▸ Data extract:

*** Begin section ***

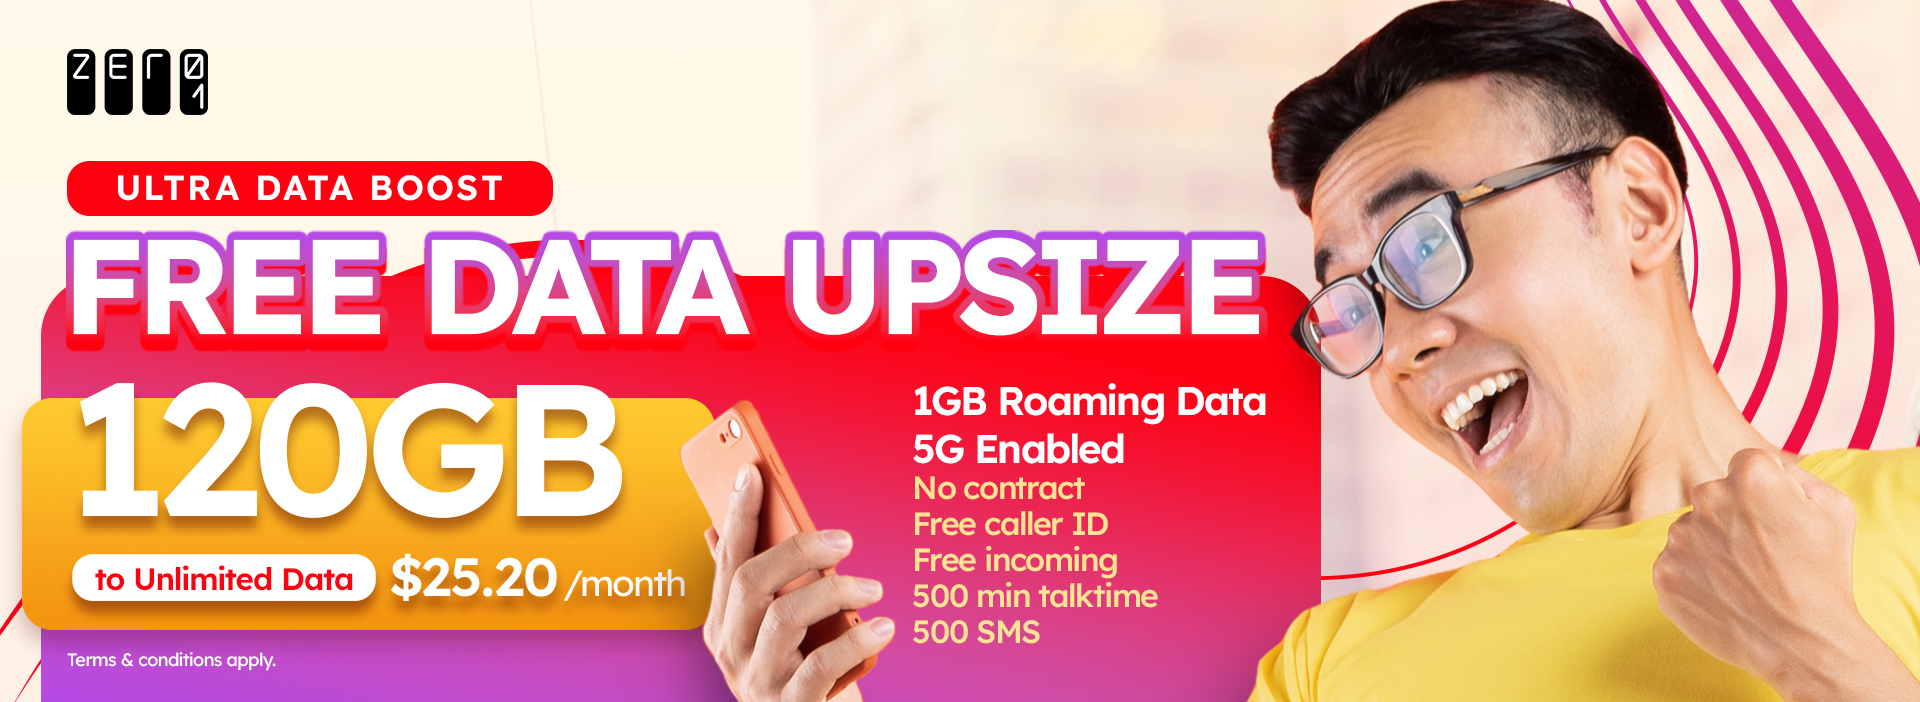 Ultra Data Boost - Zero1 60u 5G 120GB Mobile Plan - Let's Zero™ in
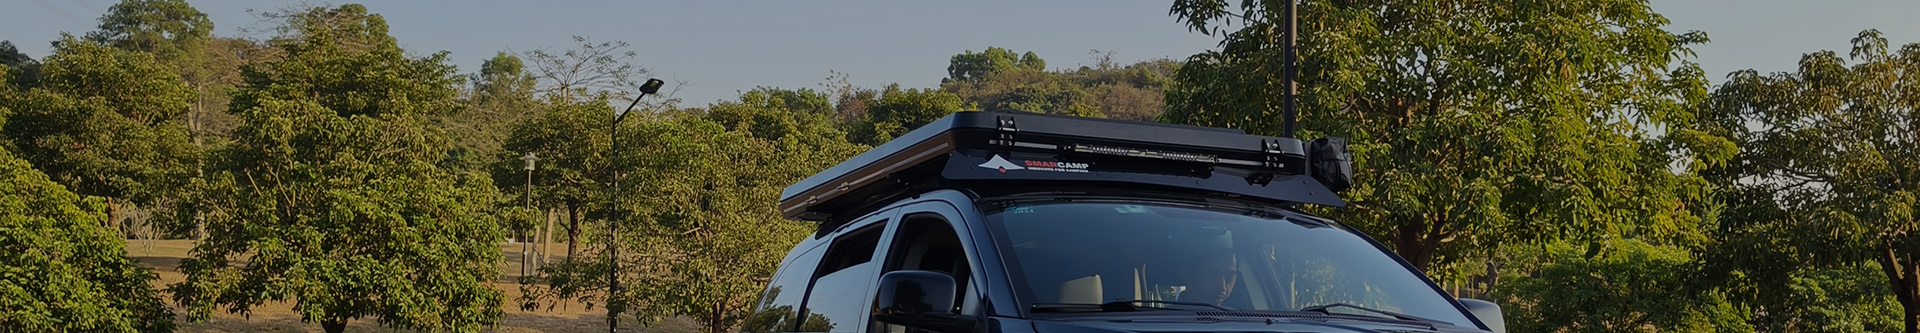 Aluminum Roof Rack Platform for All Vehicle
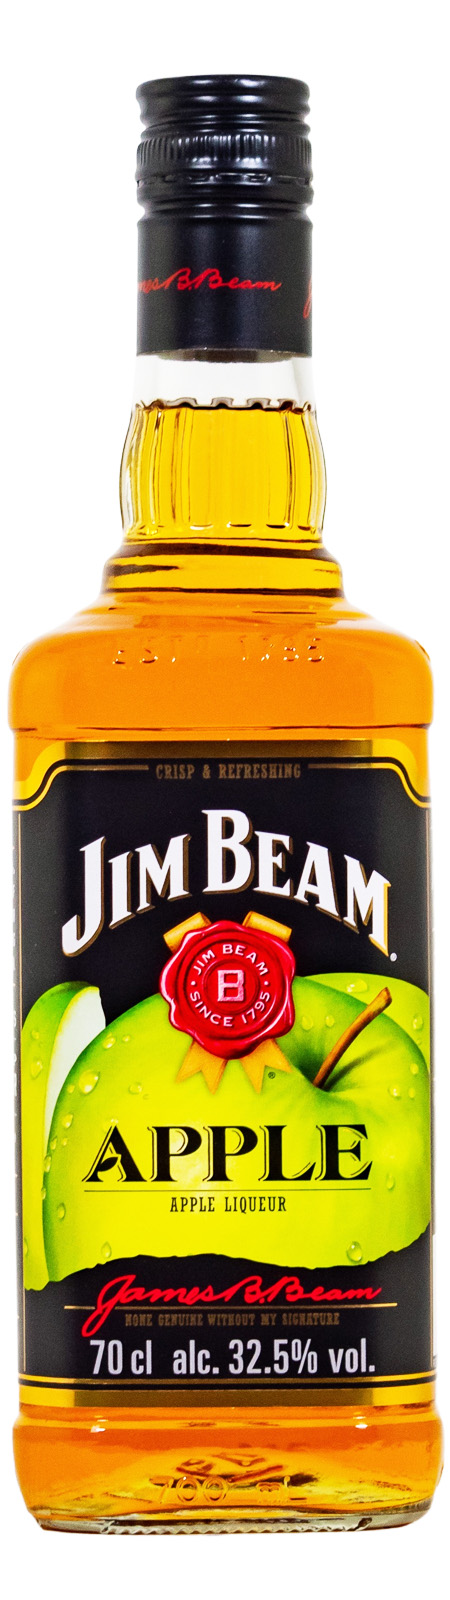 Apple Whiskeylikör kaufen Jim günstig Beam
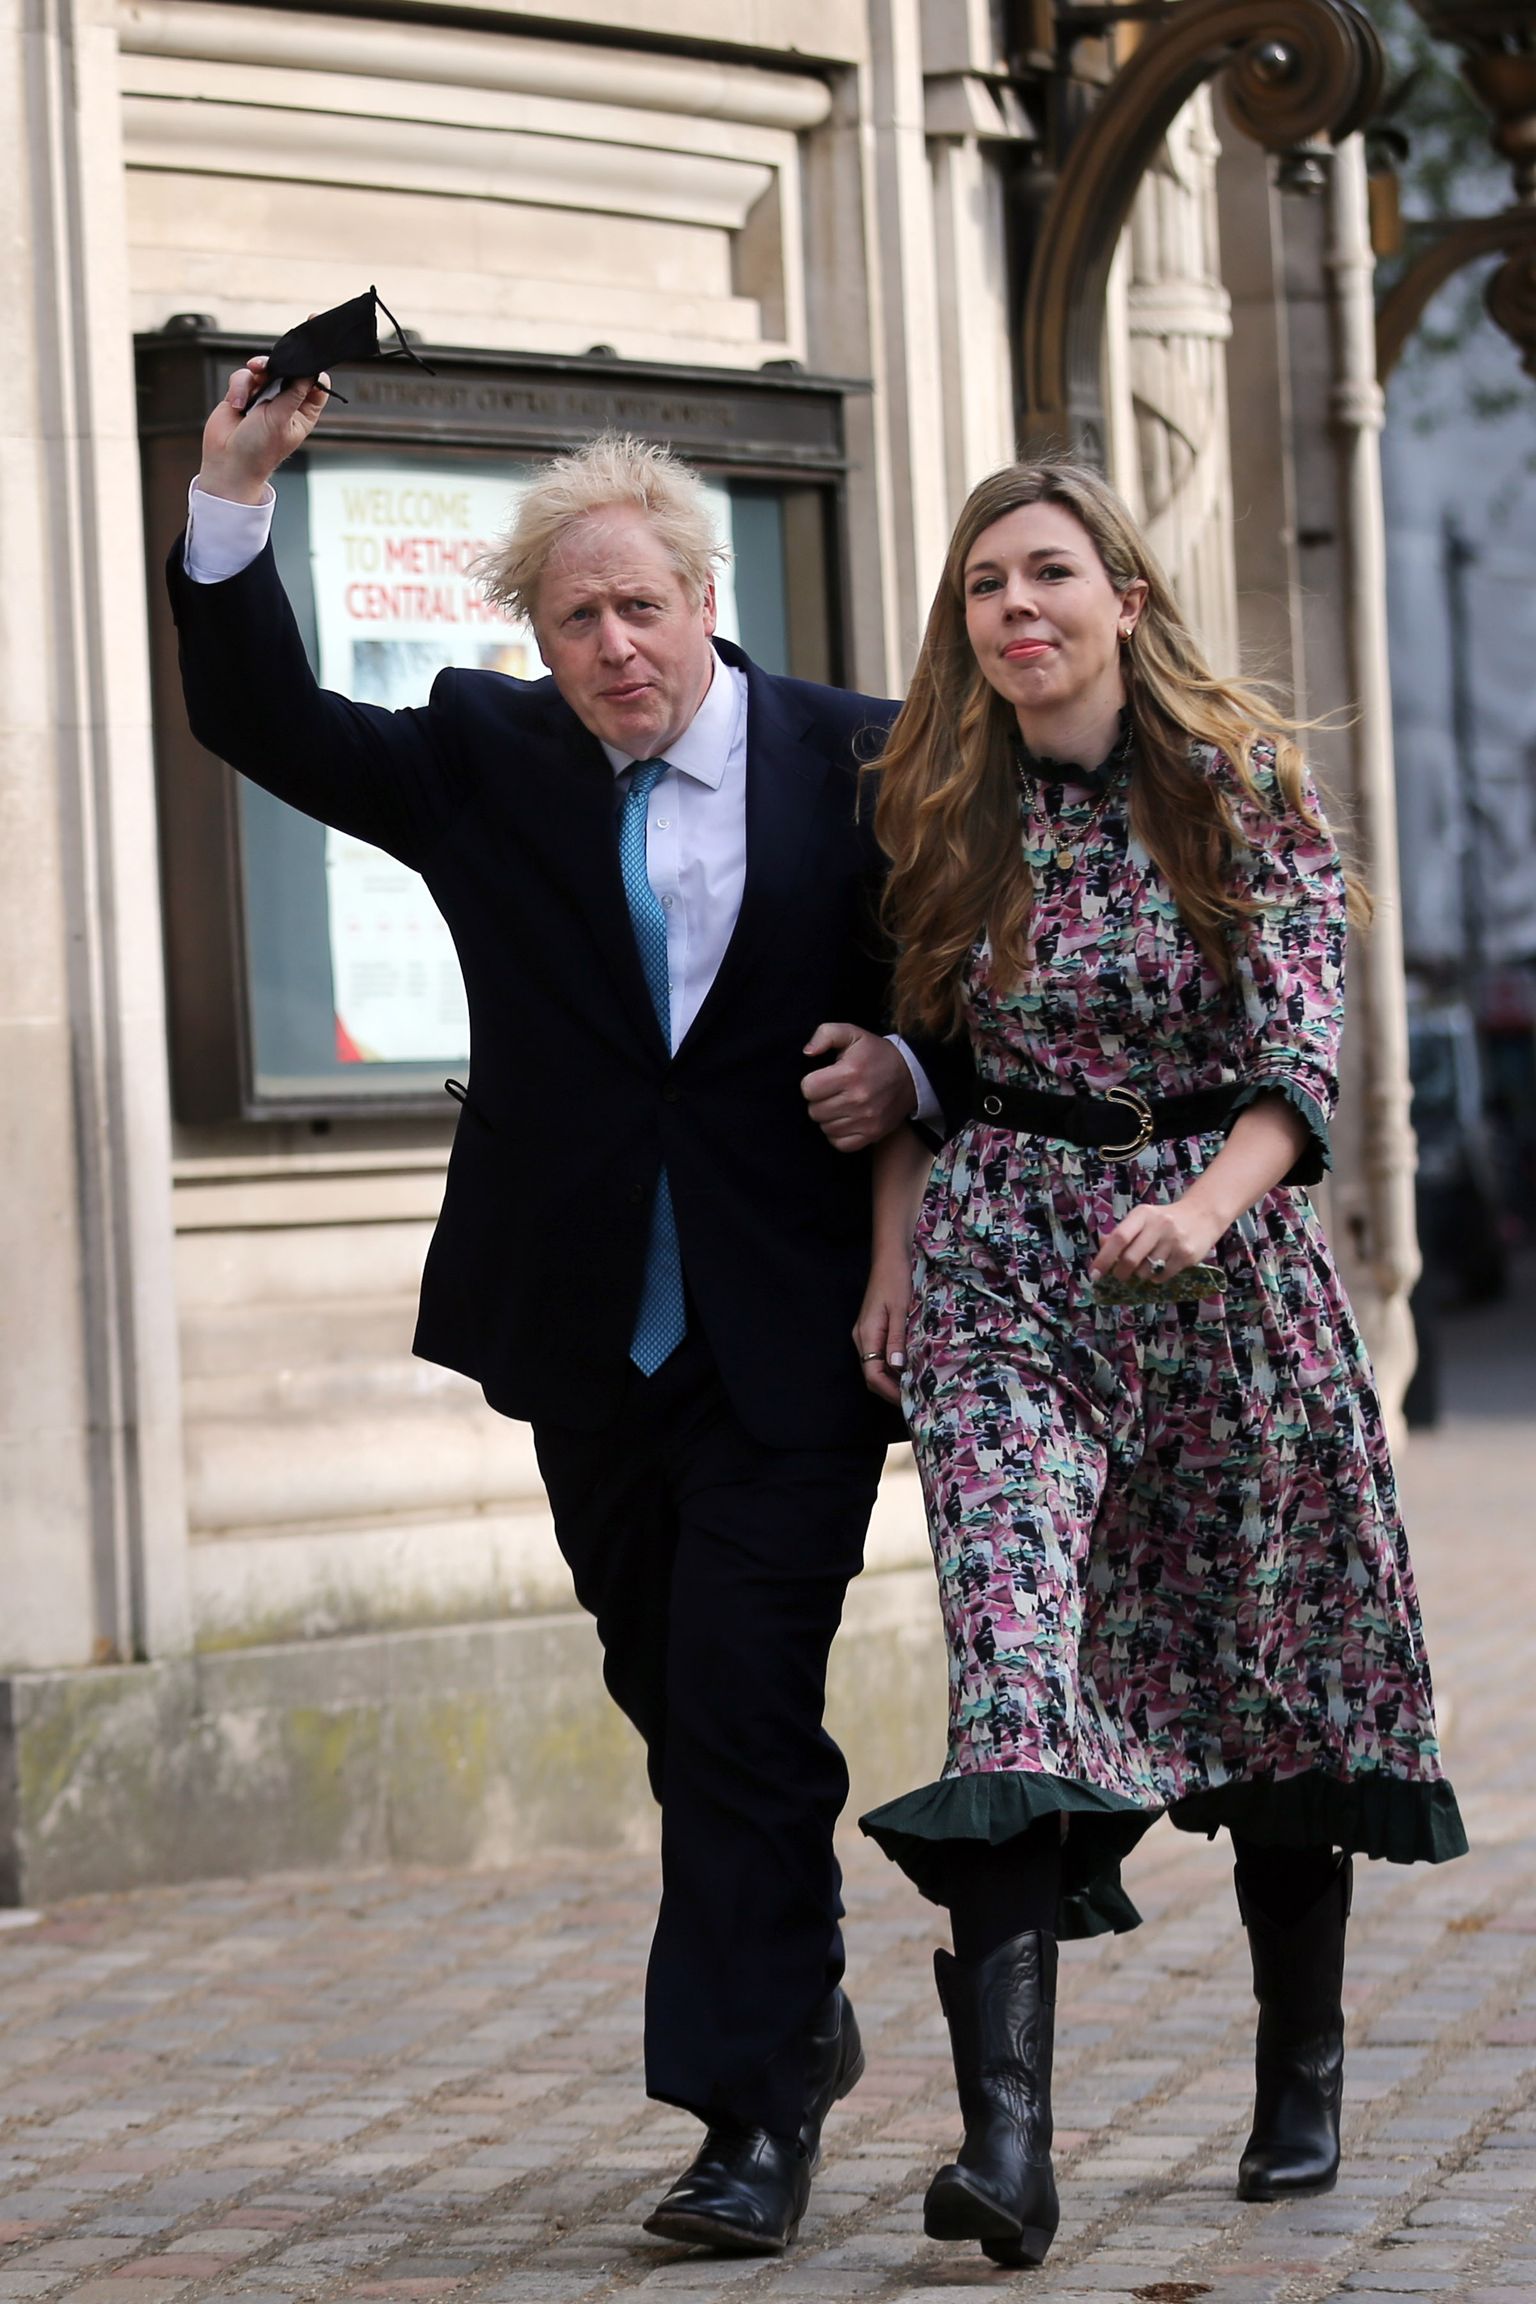 Briti peaminister Boris Johnson ja tema tulevane abikaasa Carrie Symonds Londonis 6. mai 2021.

*** End section ***

▸ Task: Return each line of the data, keeping its wording exact and omitting pictures.

▸ Your solution:
 Ultra Data Boost - Zero1 60u 5G 120GB Mobile Plan - Let's Zero™ in
 Aluminum Roof Rack Platform for All Vehicle
 Apple Whiskeylikör kaufen Jim günstig Beam
 Briti peaminister Boris Johnson ja tema tulevane abikaasa Carrie Symonds Londonis 6. mai 2021.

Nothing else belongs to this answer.